The Court observed that the implementation of the Agreement would inevitably reduce the territory of the Union of India, and that such a reduction would require an amendment of the First Schedule of the Constitution. The amendment could be effected pursuant to Article 368, a position that was undisputed and had not been challenged before the Court. Accordingly, the Court held that Parliament, acting under Article 368, could enact a law to give effect to the Agreement, which involved the cession of a portion of Berubari Union No. 12 and the transfer of certain Cooch-Behar enclaves to Pakistan. Parliament retained the discretion, however, to first amend Article 3 of the Constitution so as to expressly cover cases of territorial cession to a foreign State. If such an amendment of Article 3 were made, Parliament would then be competent to pass a law under the amended provision to implement the Agreement. Conversely, the Court noted that a law passed directly under Article 368 would by itself suffice to give effect to the Agreement, without the need for a prior amendment of Article 3. Before addressing the specific questions referred, the Court pointed out the procedural requirement in the proviso to Article 3, which mandates that any Bill affecting the area, boundaries, or name of a State must be referred by the President to that State’s Legislature for its opinion within a prescribed time-frame.

The learned Attorney General argued that insisting on the use of Article 368, to the exclusion of Article 3, would deprive the West Bengal Legislature of the opportunity to express its view on the proposed cession. The Court conceded that this observation was correct, but held that if a fair and reasonable construction rendered Article 3 inapplicable, the consequent loss of the State’s opportunity could not be avoided. The Court further explained that a law enacted under Article 368 must satisfy the constitutional requirements of that article: the Bill must be passed in each House by a majority of the total membership and by not less than two-thirds of the members present and voting. This dual majority ensures the concurrence of a substantial portion of the House, typically the major parties, and thus provides a safeguard in matters of this nature. The Court also noted incidentally that an amendment of Article 1 resulting from the cession of Indian territory to a foreign State does not fall within the safeguards prescribed by the proviso to Article 368.

In this case the Court observed that Article 368 of the Constitution was not applicable because neither Article 1 nor Article 3 is placed among the entrenched provisions listed in the proviso to Article 368. The Court further explained that it was not within its jurisdiction to examine or decide whether those two Articles ought to be incorporated into the proviso; that determination was reserved for Parliament, which alone could consider and resolve the matter. Consequently, the Court proceeded to answer the three specific questions that had been referred for its consideration.

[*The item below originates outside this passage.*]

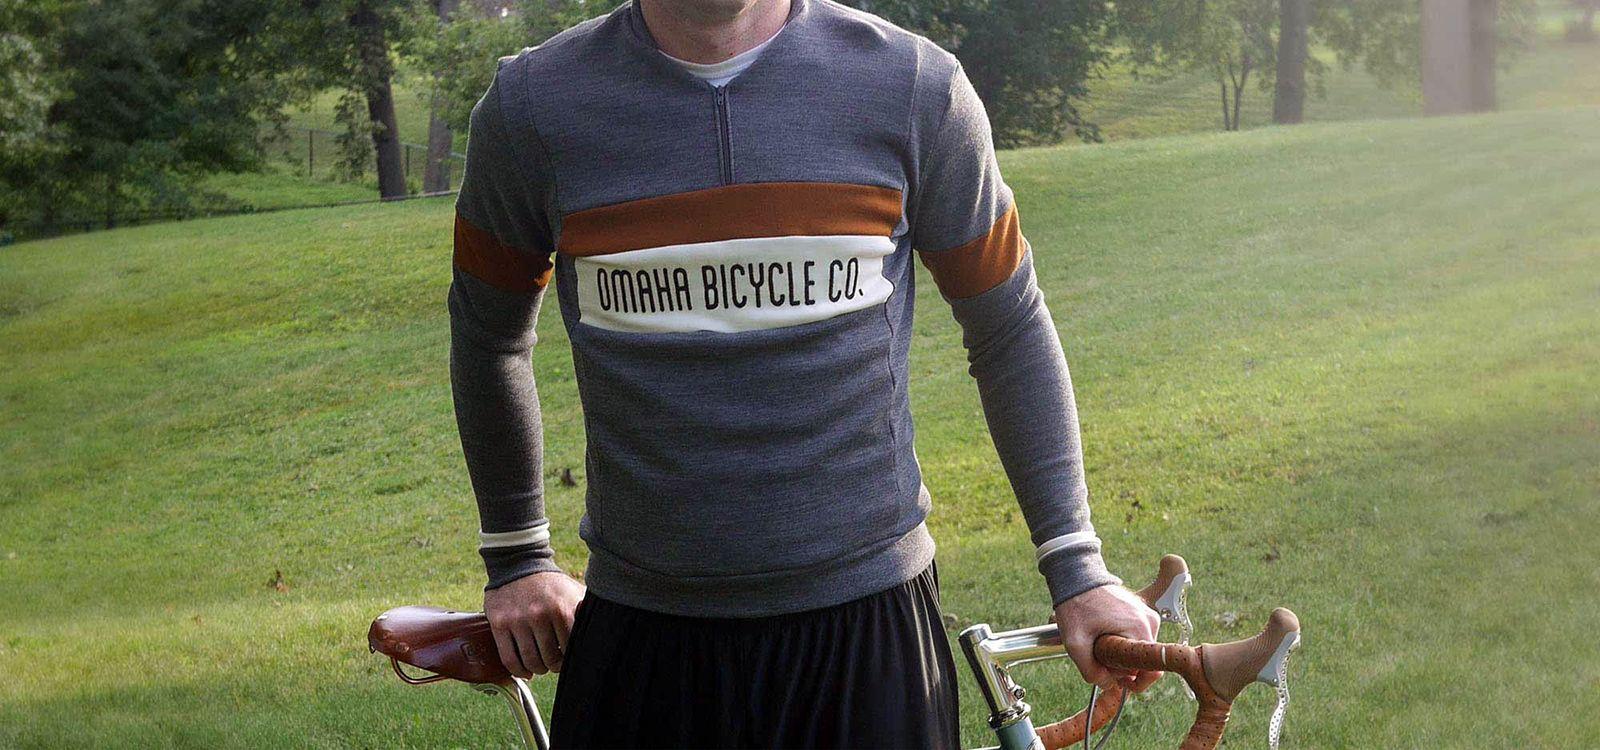 Vêtements cyclisme vintage - Classical Bicycles

The Court answered the first question affirmatively, indicating that the proposition contained in that question was correct. Regarding the second question, the Court provided a three-part response. First, it held that any law of Parliament that related to Article 3 of the Constitution would be incompetent. Second, it stated that a law of Parliament that related to Article 368 of the Constitution was both competent and necessary. Third, it explained that a law of Parliament that related to both Article 368 and Article 3 would become necessary only if Parliament first chose to enact a law amending Article 3 as previously indicated; in such a circumstance Parliament would first have to pass legislation under Article 368 and subsequently follow it with legislation that corresponded to the amended Article 3 in order to implement the agreement.

For the third question the Court gave the same answer as it had given to the three parts of the second question, namely the answers set out in sub-paragraphs (a), (b) and (c) to Question 2. The reference was thus answered in accordance with those conclusions.